Besides the increase in lipogenesis, an increase in hepatic oxidative and endoplasmic reticulum stress are determining factors in the development of non-alcoholic fatty liver disease by activating JNK phosphorylation, a common downstream element in oxidative and endoplasmic reticulum stress signaling pathways [28]. As observed in Figure 6K,M, the abundance of phosphorylated JNK was higher in liver of mice fed HF with respect to control. Notably, HFCD, HFG and HFAF fed mice presented lower levels of p-JNK than those observed in HF. To evaluate if the reduced JNK phosphorylation was associated with lesser intrahepatic TNF-α content, we determined this cytokine in liver homogenates. Accordingly, TNF-α abundance was higher in liver homogenates of HF mice with respect to control, HFCD, HFG and HFAF (Figure 6N).
Finally, we determined the hepatic EPA+DHA/AA ratio.
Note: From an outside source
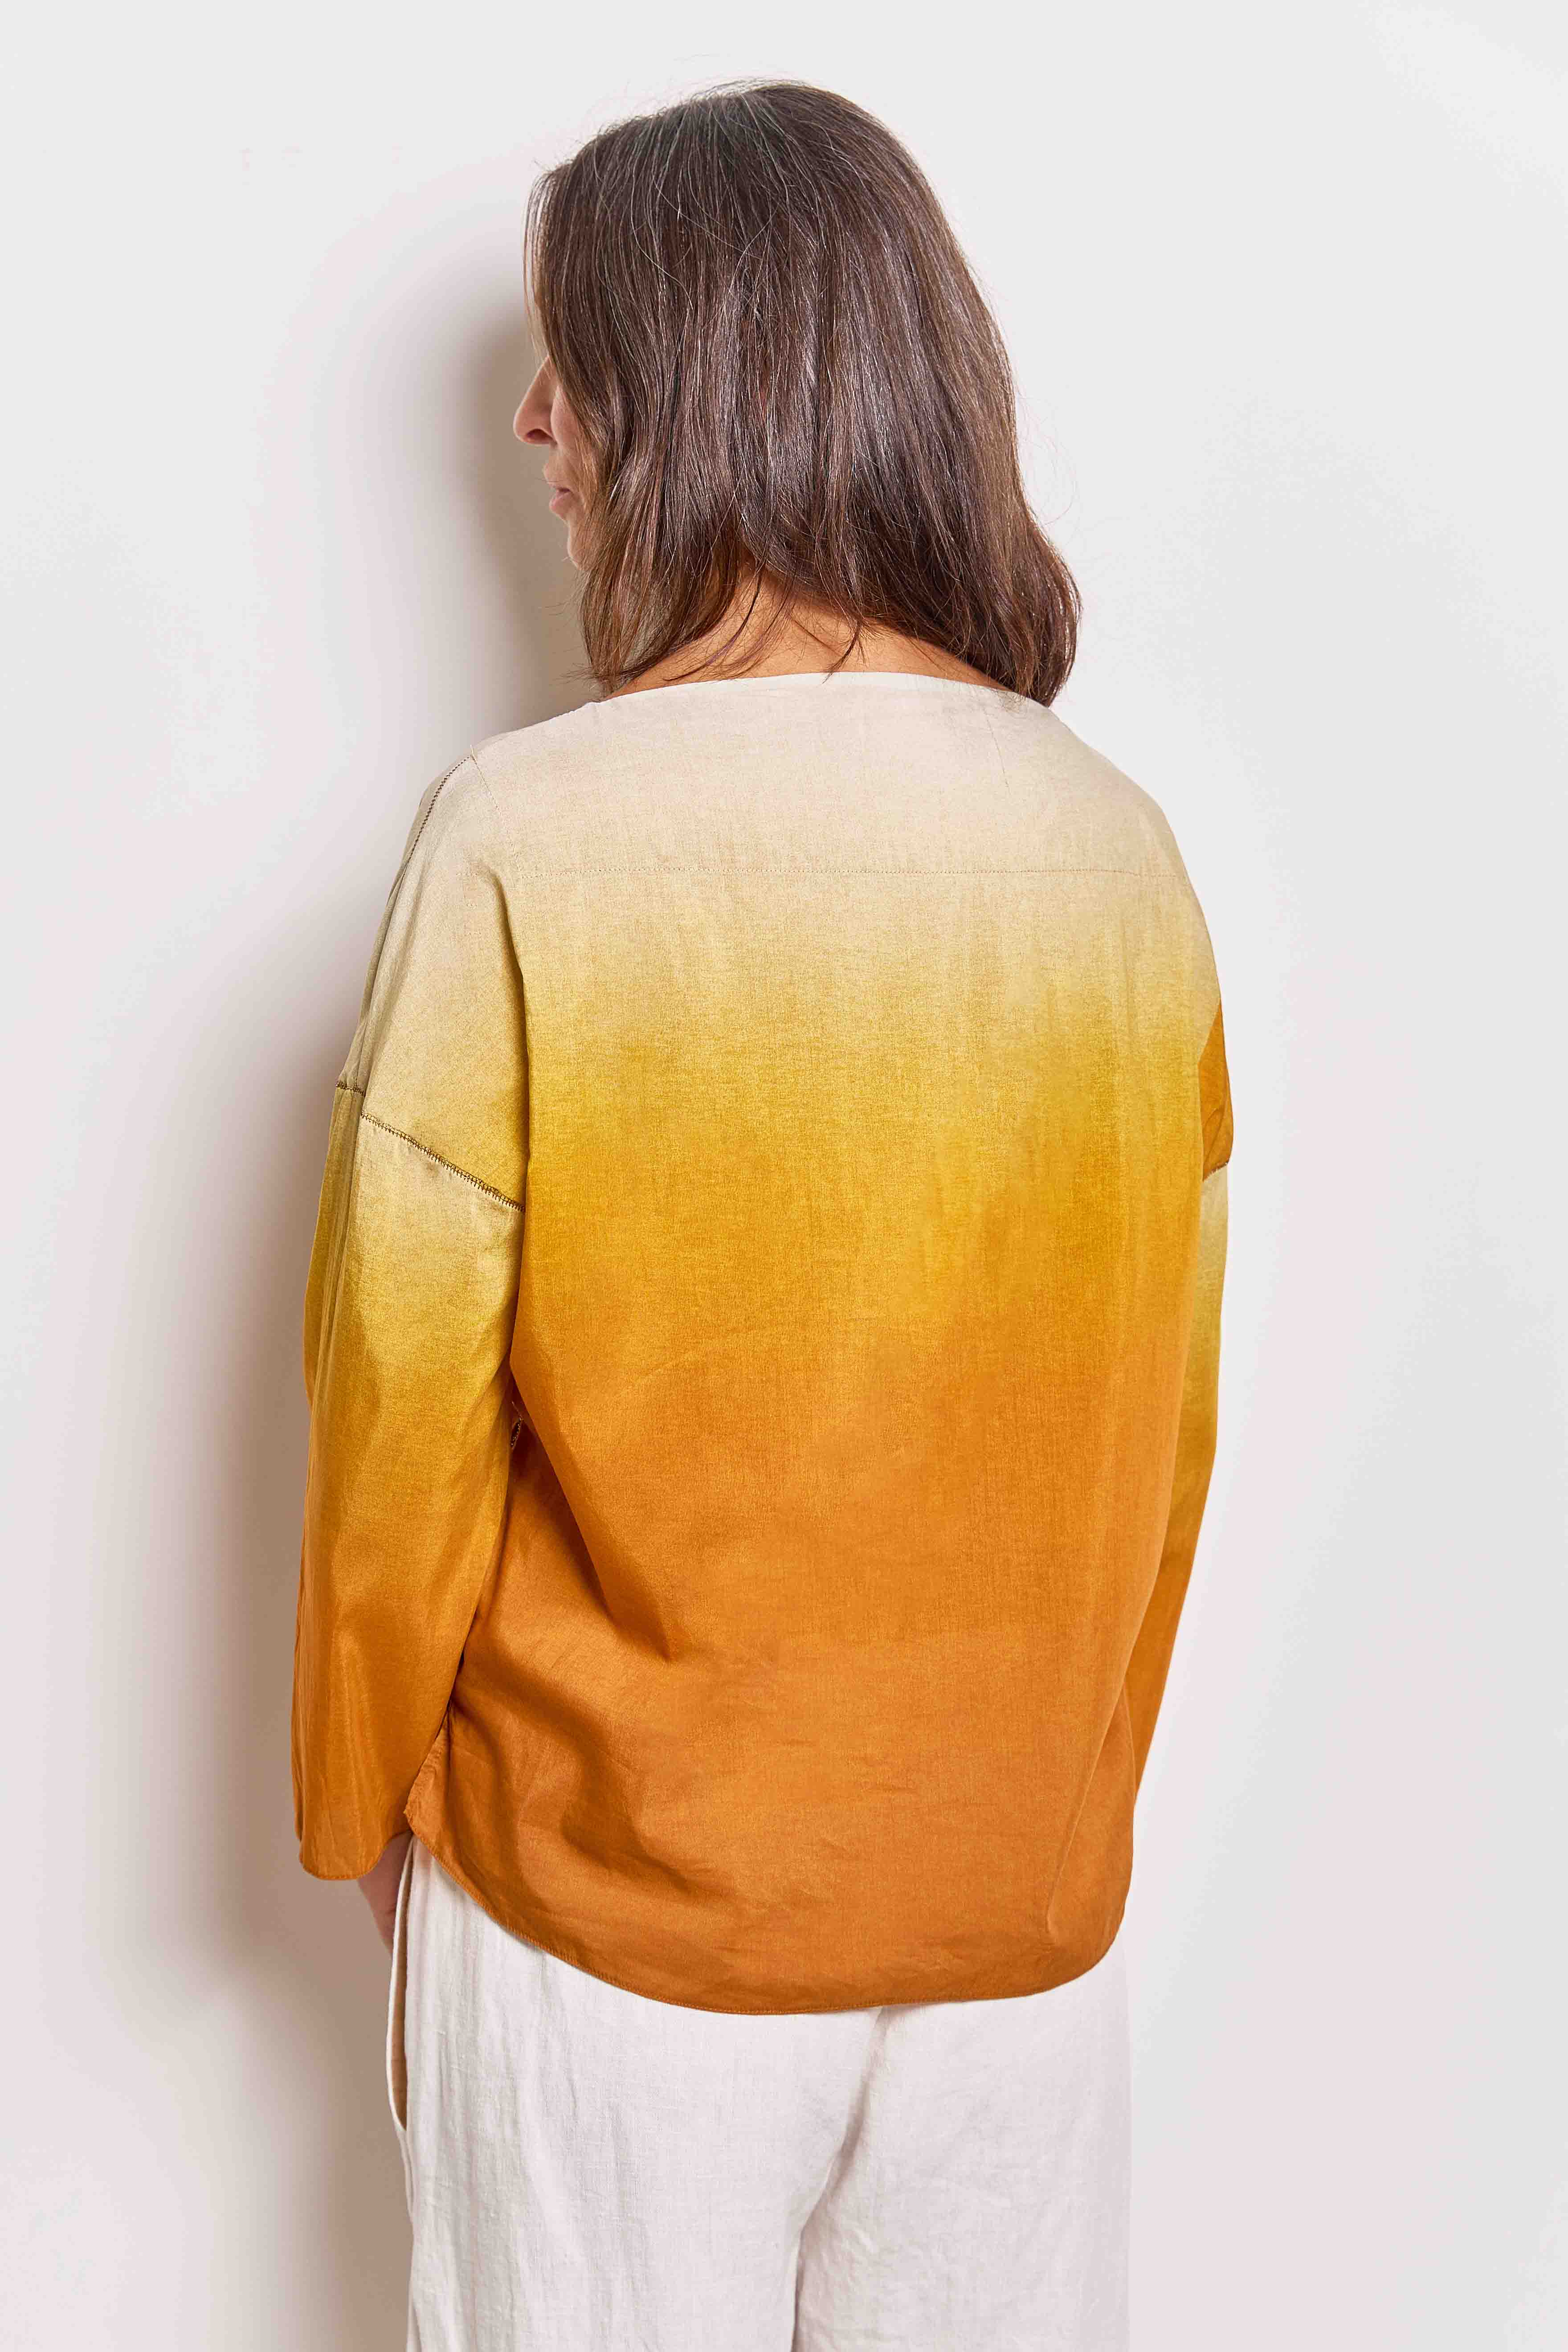 quincy light ochre cotton silk top.

This ratio is used as an anti-inflammatory index, where a higher ratio indicates a protective role in the development of inflammatory states [29]. Notably, mice fed goat’s milk presented a significant higher hepatic EPA+DHA/AA ratio with respect to those fed HF or control (Figure 6O). These results indicate that goat’s milk intake prevents hepatic inflammation in mice fed a HF associated to a protective proportion of n-3/n-6 long chain polyunsaturated fatty acids in liver.
3. Discussion
The present work demonstrates that the incorporation of dry whole goat’s milk to a high-fat (HF) diet prevents excessive body weight gain, body fat mass accretion and hepatic steatosis in mice. These beneficial effects were elicited through increased whole-body insulin sensitivity and energy expenditure, improving substrate utilization during the feeding-fasting cycles. The metabolic effects of goat’s milk intake could be attributed to an increase in oxidative fibers in skeletal muscle, augmented UCP1 expression in brown adipose tissue, a reduction in SREBP-1c mediated lipogenesis in liver and increased adipose tissue browning, lipolysis and in situ thermogenesis.
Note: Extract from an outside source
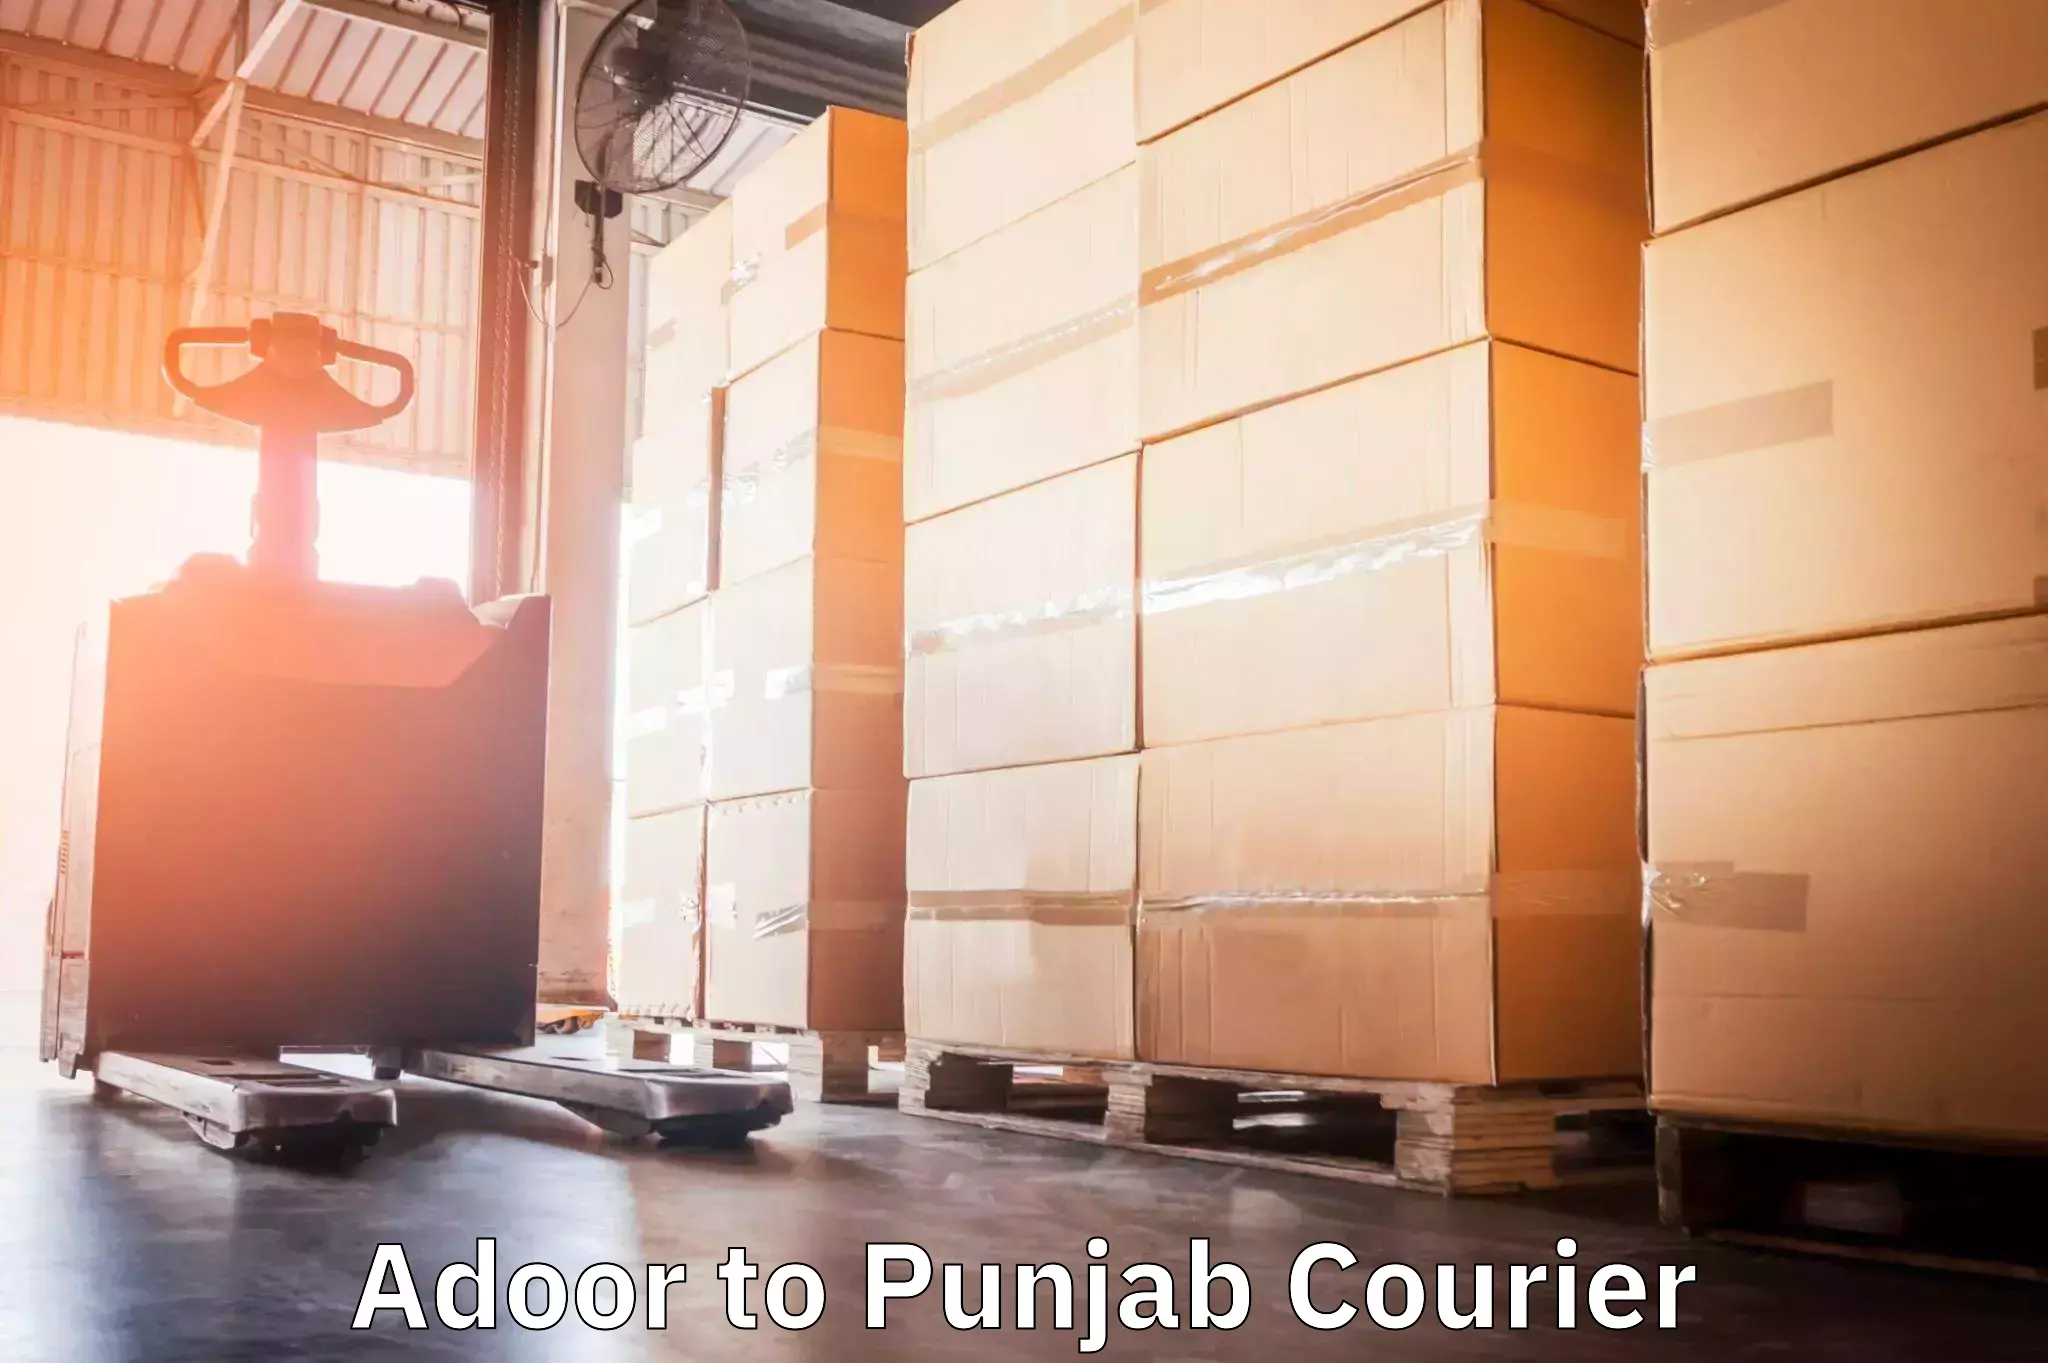 Bulk courier orders Adoor to Firozpur

The beneficial effects of goat’s milk on the metabolic profile of mice, despite chronic consumption of a high-energy diet, indicates that goat’s milk contains particular molecules that can modulate metabolic and inflammatory pathways in different organs. Goat’s milk is a significant source of plant-derived phenolic compounds. We and other have previously reported the polyphenol composition of goat’s milk [10,30,31]. We also observed that goat fed influences polyphenol content in milk. Goat fed supplemented with 30% of Acacia farnesiana pods or grazing increases the polyphenol content in goat’s milk by approximately 2-fold and 1.4-fold, respectively [10]. This differential polyphenol enrichment was reflected in the metabolic effects induced by the different diets.
Among the polyphenols found in goat’s milk, gallic acid, chlorogenic acid, ferulic acid and catechins are the most abundant [10], which have demonstrated to have antioxidant properties [32,33,34], increase in energy expenditure in mice [35] and humans [36] and anti-inflammatory properties [37]. Thus, the polyphenol content in goat’s milk could be directly responsible of the increase in energy expenditure. We have previously demonstrated that polyphenols such as genistein increases energy expenditure in mice through modulation of AMPK and the thermogenic program of subcutaneous adipose tissue [38]. The activation of AMPK in skeletal muscle and liver of mice fed goat’s milk was associated with lower lipid content in both tissues, increased mitochondrial content in skeletal muscle and whole-body glucose tolerance. Thus, the polyphenol content of goat’s milk could exert these metabolic activities by the stimulation of AMPK activity.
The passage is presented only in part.